UNITED STATES DISTRICT COURT WESTERN DISTRICT OF WASHINGTON AT SEATTLE
Jun 4, 2014
CASE NO. C13-1034 MJP (W.D. Wash. Jun. 4, 2014)

Opinion

CASE NO. C13-1034 MJP

06-04-2014

KYKO GLOBAL INC, et al., Plaintiffs, v. PRITHVI INFORMATION SOLUTIONS LTD, et al., Defendants.


ORDER GRANTING IN PART

DEFENDANT ANANDHAN

JAYARAMAN'S MOTION FOR

SUMMARY JUDGMENT

This matter is before the Court on Defendant Anandhan Jayaraman's motion for summary judgment. The Court considered the motion, all responsive pleadings, and all relevant documents. The Court GRANTS summary judgment in favor of Jayaraman in his individual capacity, but DENIES summary judgment as to the marital community composed of Jayaraman and his spouse Madhavi Vuppalapati.

Background

Plaintiffs Kyko Global, Inc. and Kyko Global GMBH (together "Kyko") are in the business of factoring - a type of financial arrangement where Kyko fronts money as advances on customer account receivables. (Dkt. No. 11.) In this fraud case, Kyko alleges Defendants created fictitious entities for the appearance of imitating legitimate business transactions and companies. (Dkt. No. 1.) Plaintiffs allege that using these sham companies as supposed account receivables of five legitimate companies, Defendant Prithvi Information Solutions Ltd ("PISL") and its affiliates, officers, directors and certain individuals acting in concert contracted with Kyko for factoring services. (Dkt. No. 11. at 2.) PISL and several affiliated companies executed guarantees with Kyko, promising to pay any obligation owed under the factoring agreement. Kyko alleges that in early 2013, Defendants stopped paying their invoices, leaving $17,000.00 outstanding. (Dkt. No. 11 at 4.)

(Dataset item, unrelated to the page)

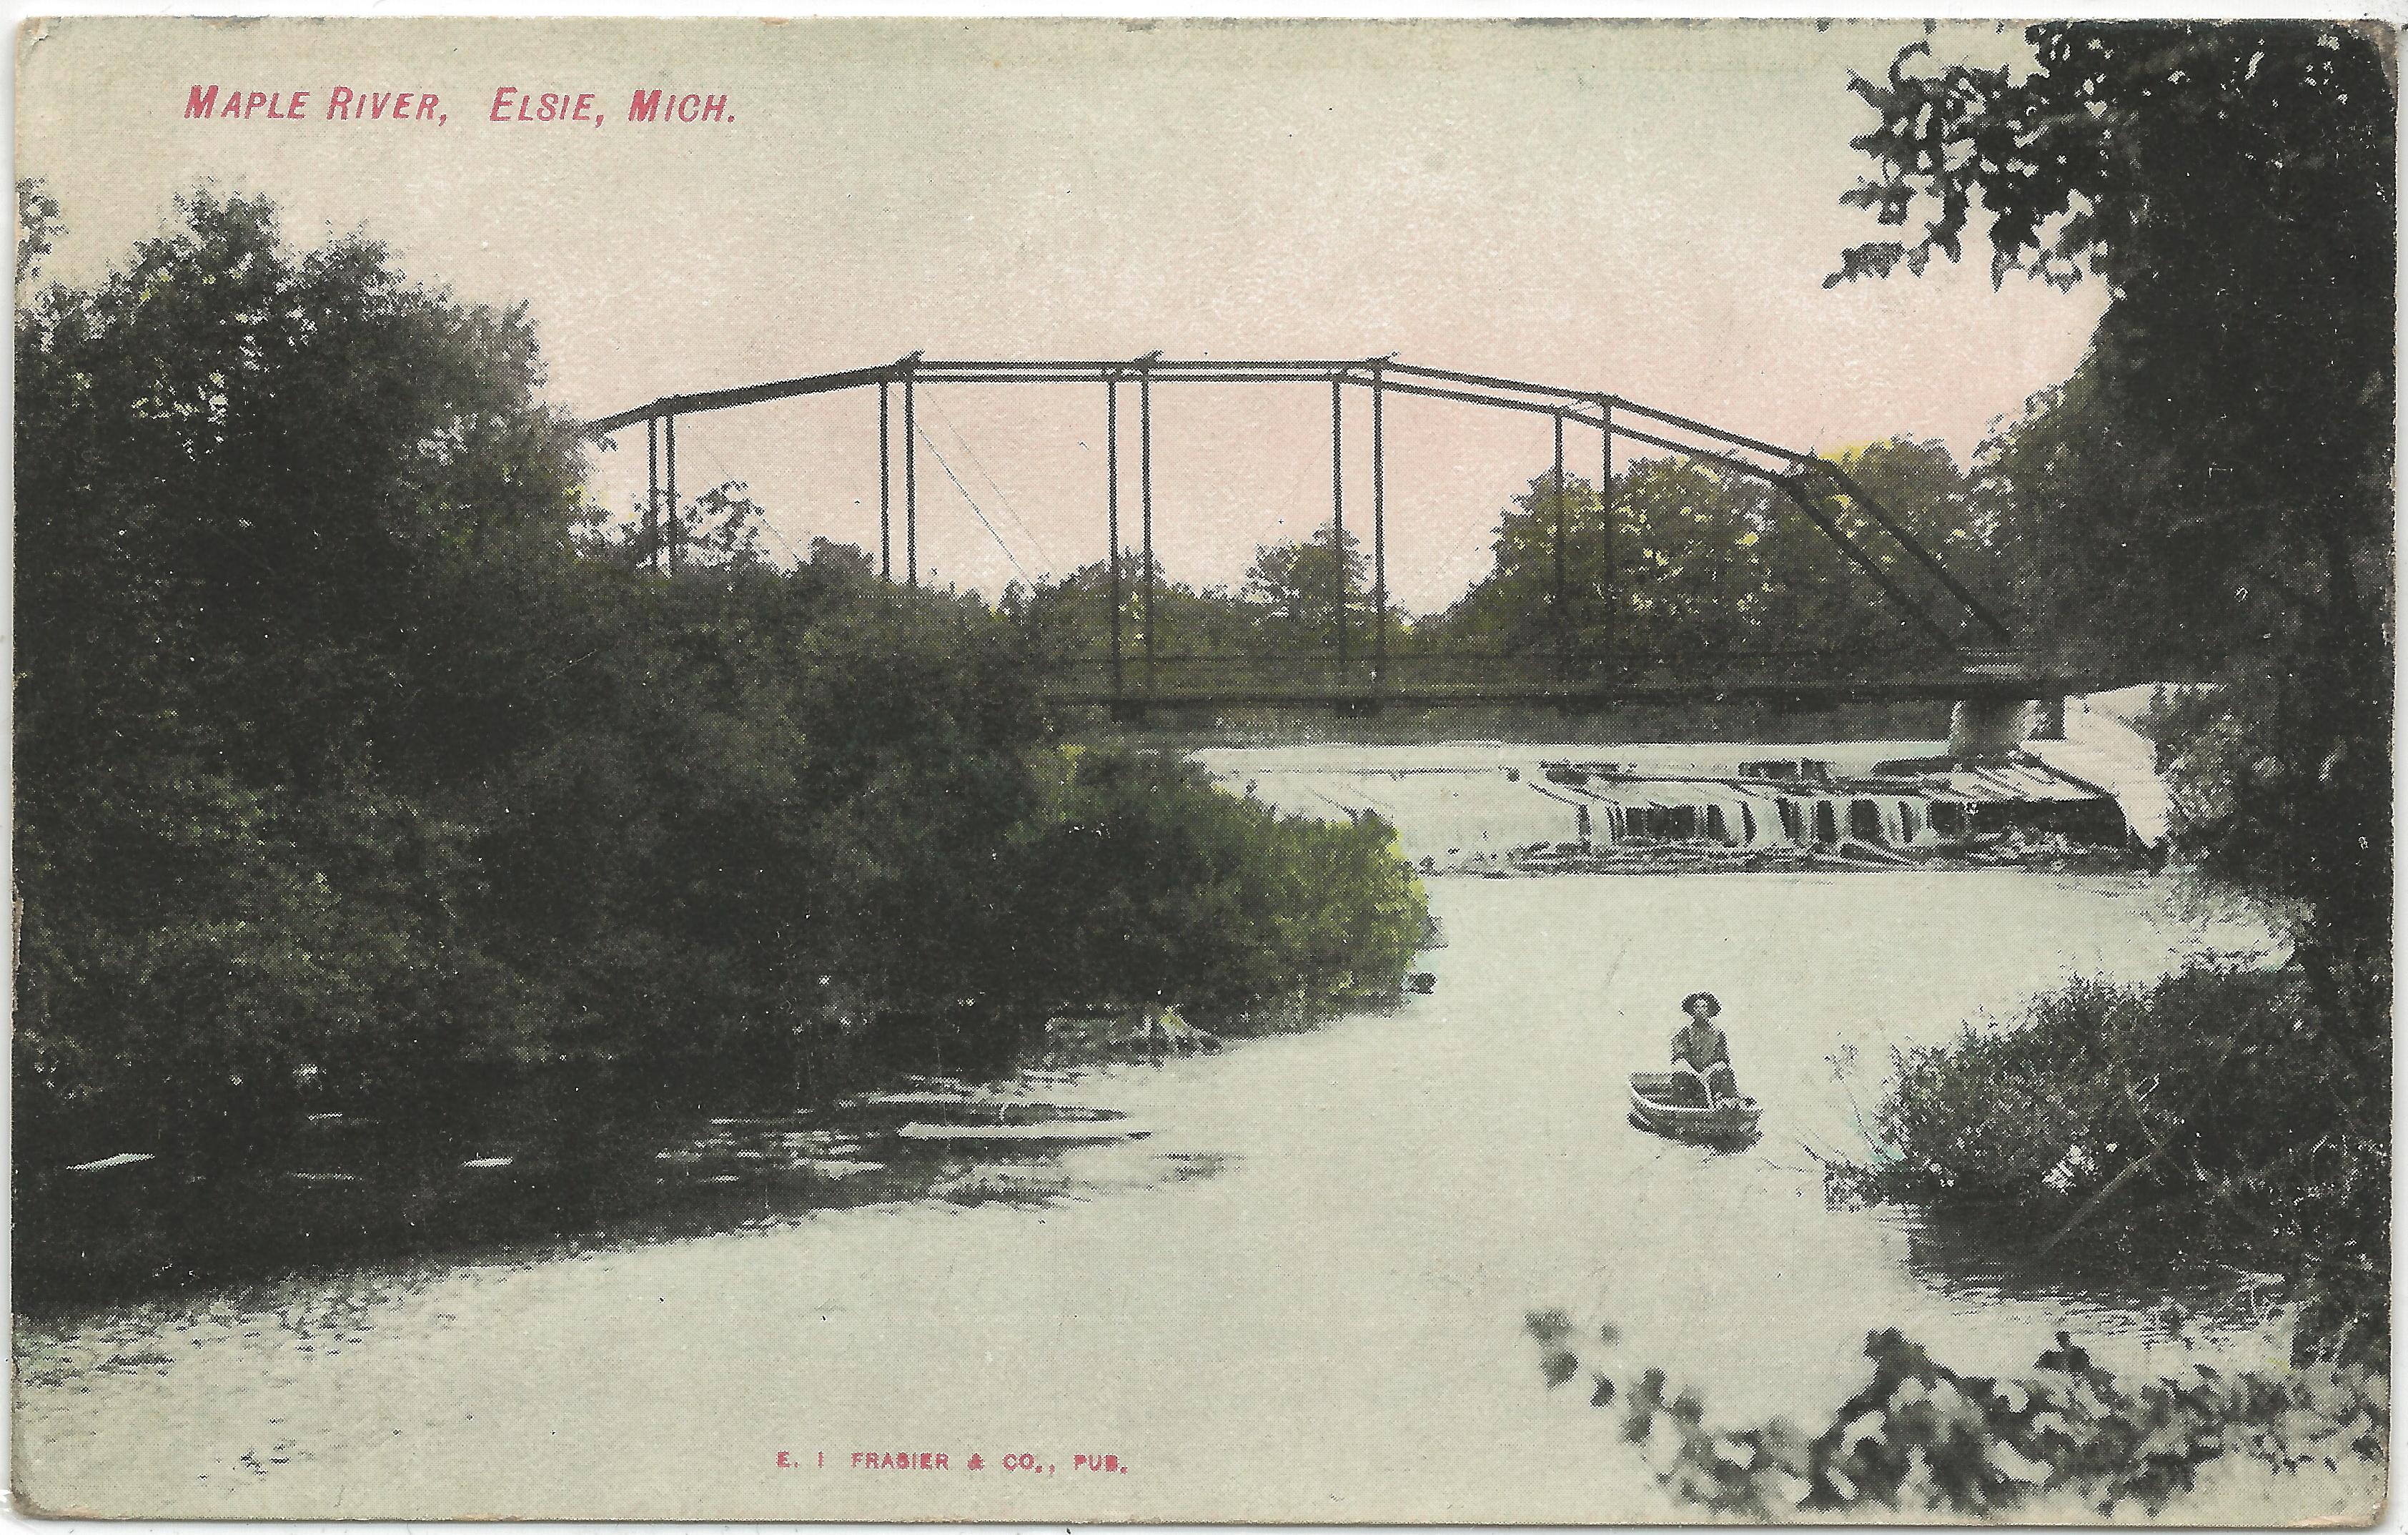 Michigan clinton county elsie - Above Historical Postcard Of Bridge

The Complaint alleges eight causes of action. Against all Defendants, Plaintiffs allege (1) Fraud, (2) Negligent/intentional Misrepresentation, (3) Conversion, (4) unjust enrichment; (5) Civil RICO claims for wire and mail, (6) financial institution fraud, and (7) temporary and preliminary injunctive relief. Against the entities who signed the guarantees, Plaintiffs allege breach of guarantees.

Based on the Complaint and declarations submitted by Plaintiff, this Court issued an ex parte Temporary Restraining Order, finding Plaintiffs adequately pled a prima facie case for fraud and were likely to succeed on the merits of their claims. (Id. at 10.) Shortly after the Order, twelve of the named Defendants, including Madhavi Vuppalapati, settled and confessed to judgment. (Dkt. Nos. 70, 116.)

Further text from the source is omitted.